## Task to complete
Quote the whole listing word for word. Do not include the pictures.

***** Source material

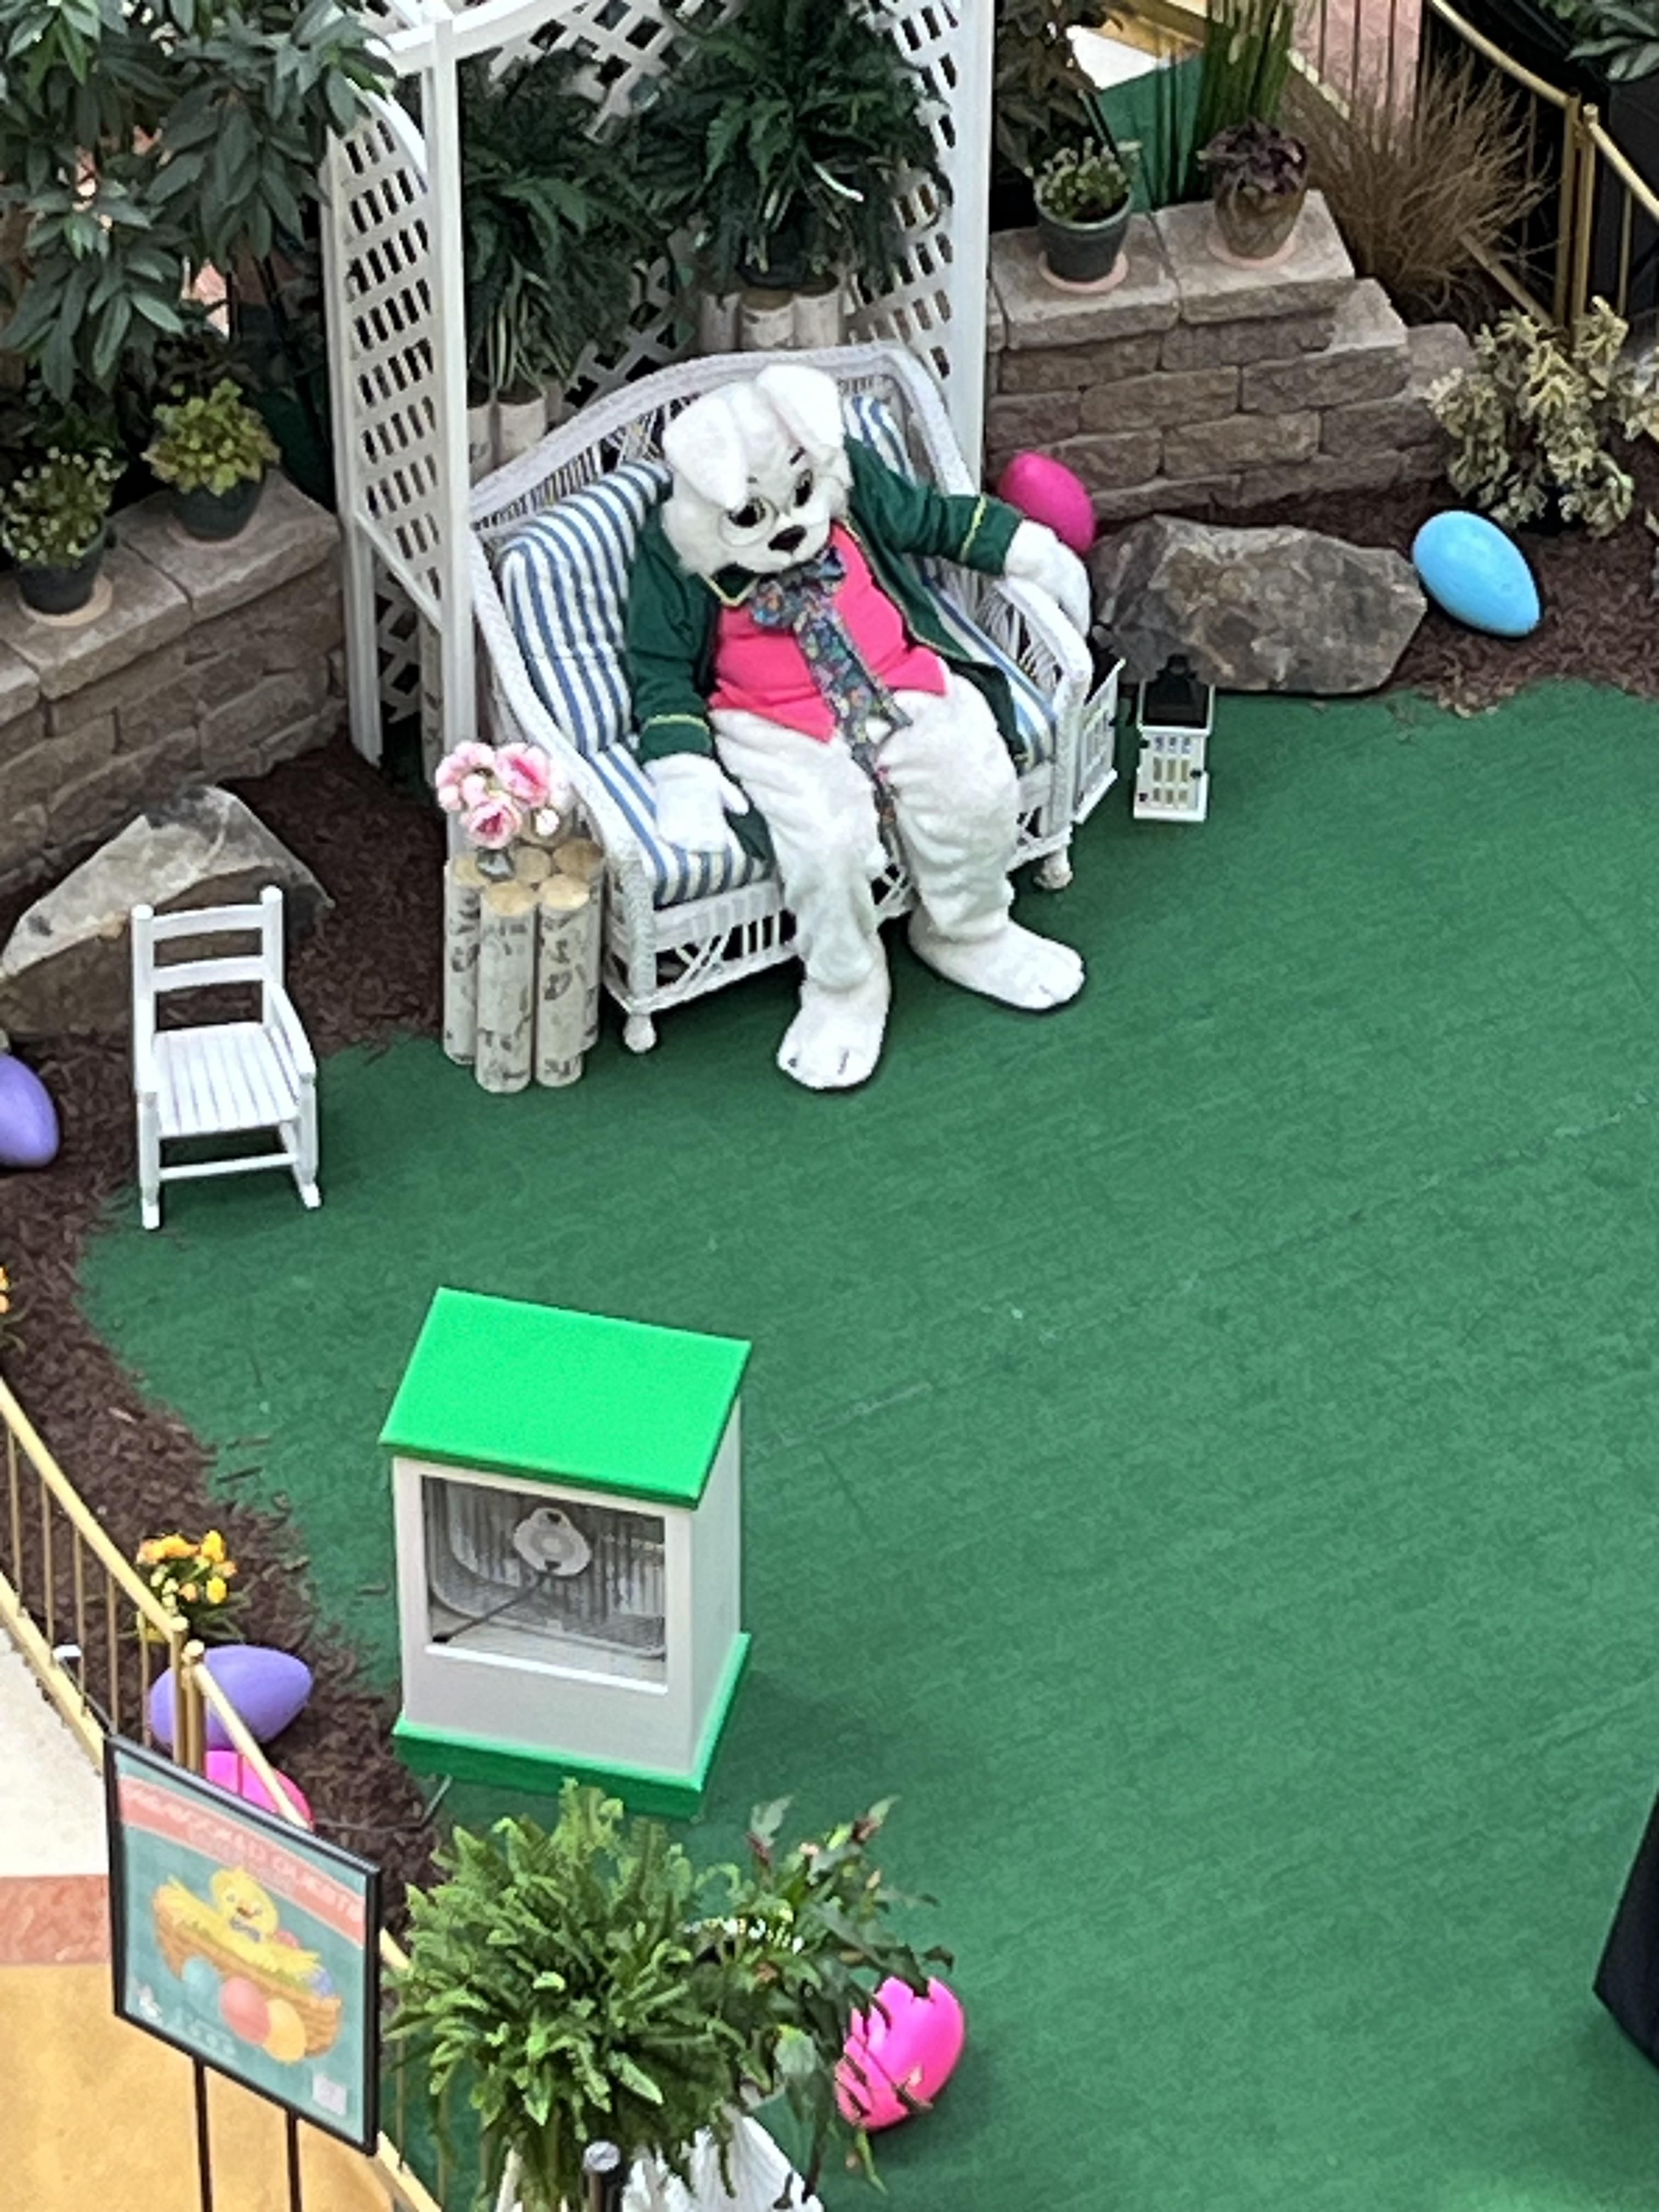 The Easter Bunny was at the mall today, appears unenthused.
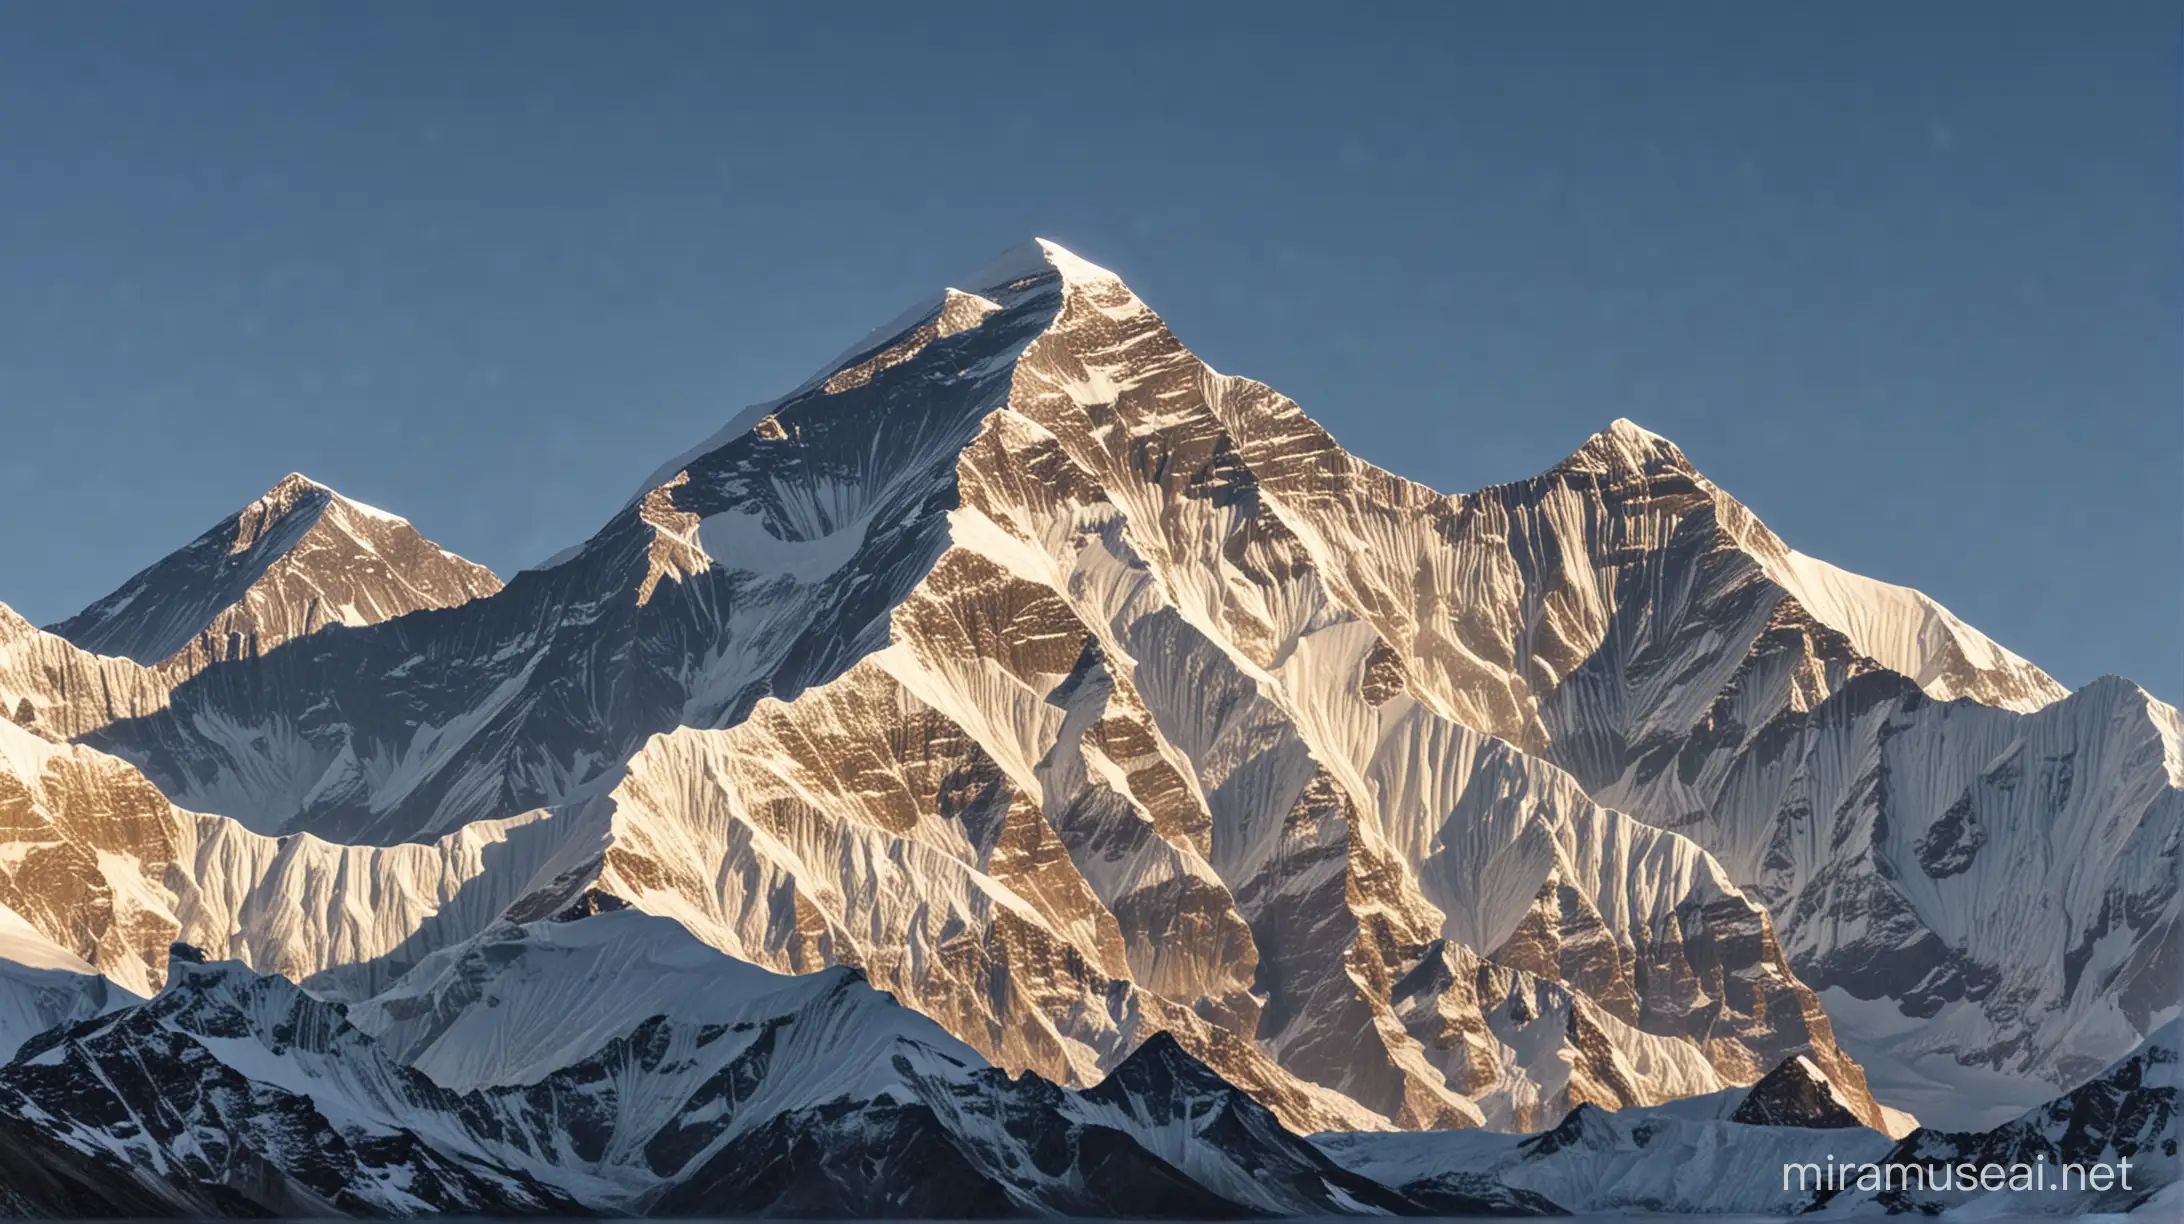 Majestic Mount Everest Landscape in Nepal and China
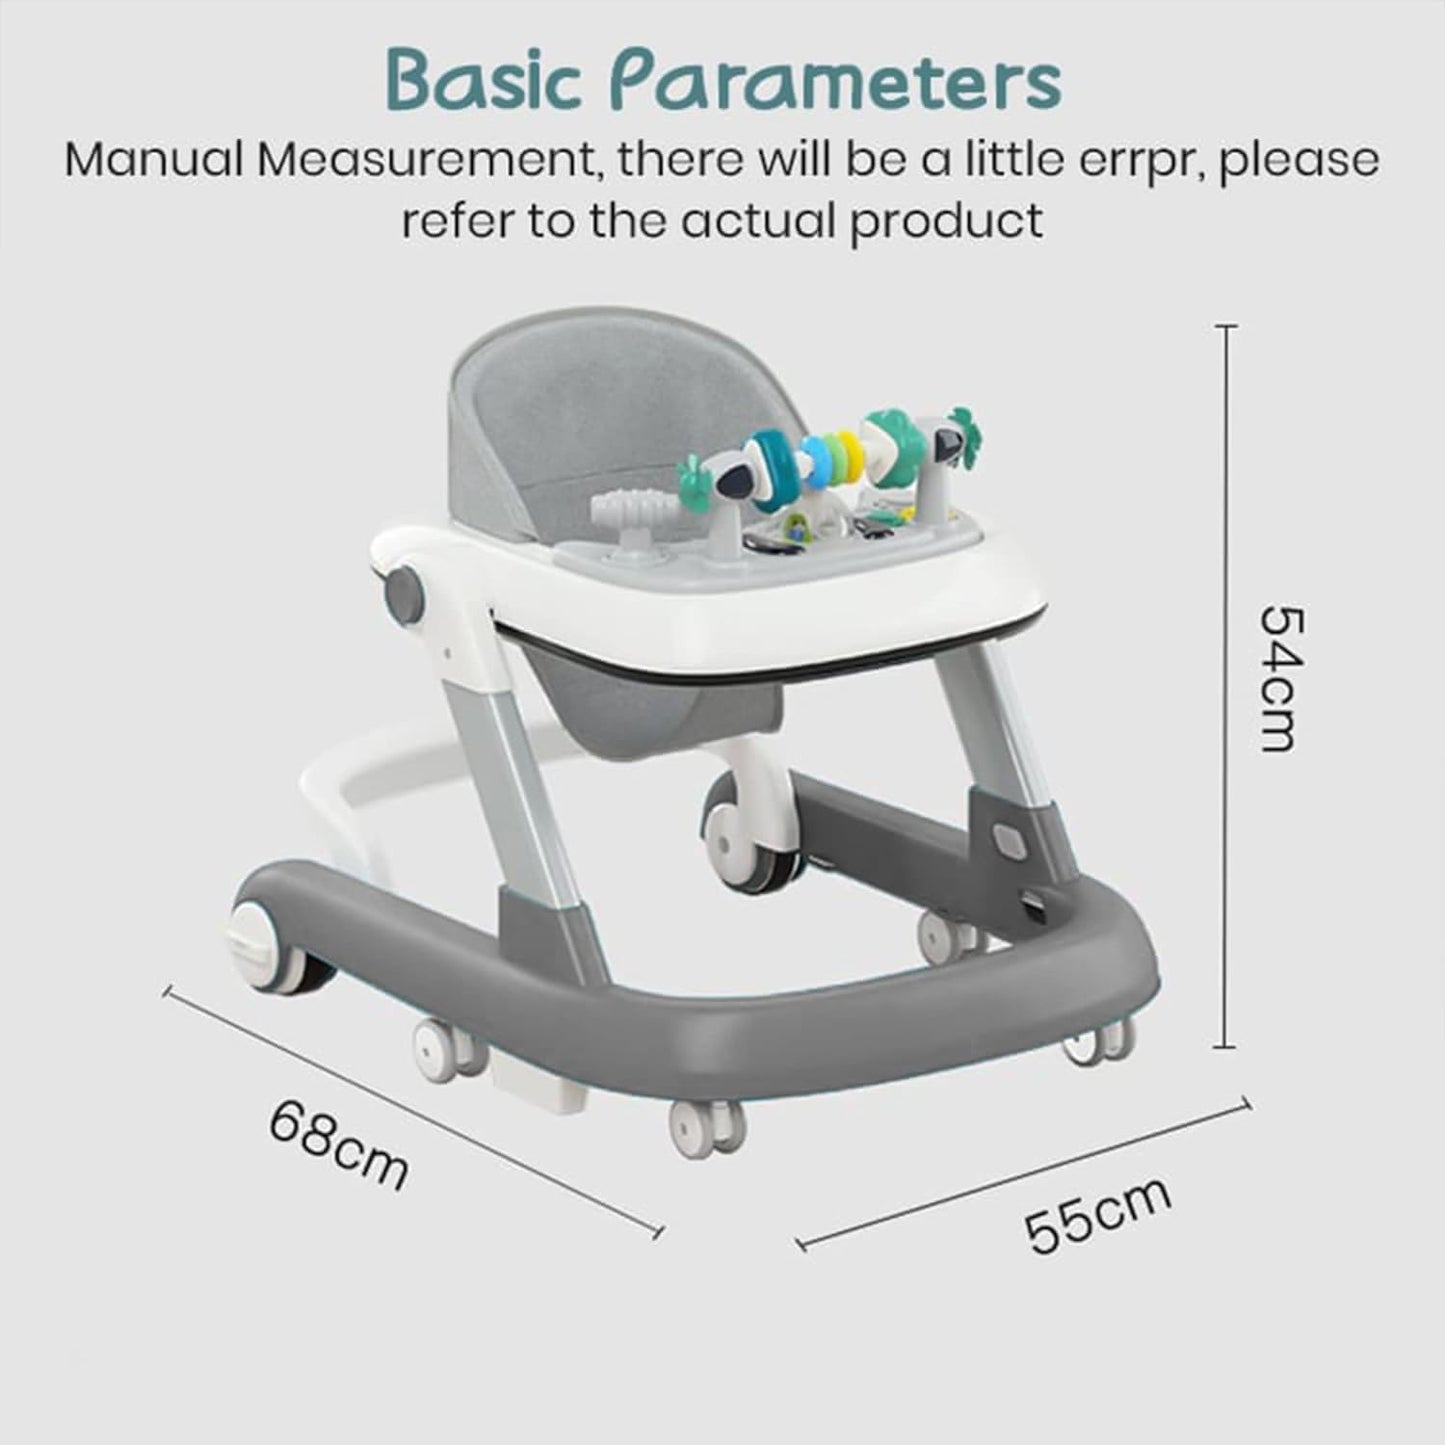 2-in-1 Tiny Baby Walker: Adjustable, Musical, and Safe

**********

## Task output
 The Easter Bunny was at the mall today, appears unenthused.
 Majestic Mount Everest Landscape in Nepal and China
 2-in-1 Tiny Baby Walker: Adjustable, Musical, and Safe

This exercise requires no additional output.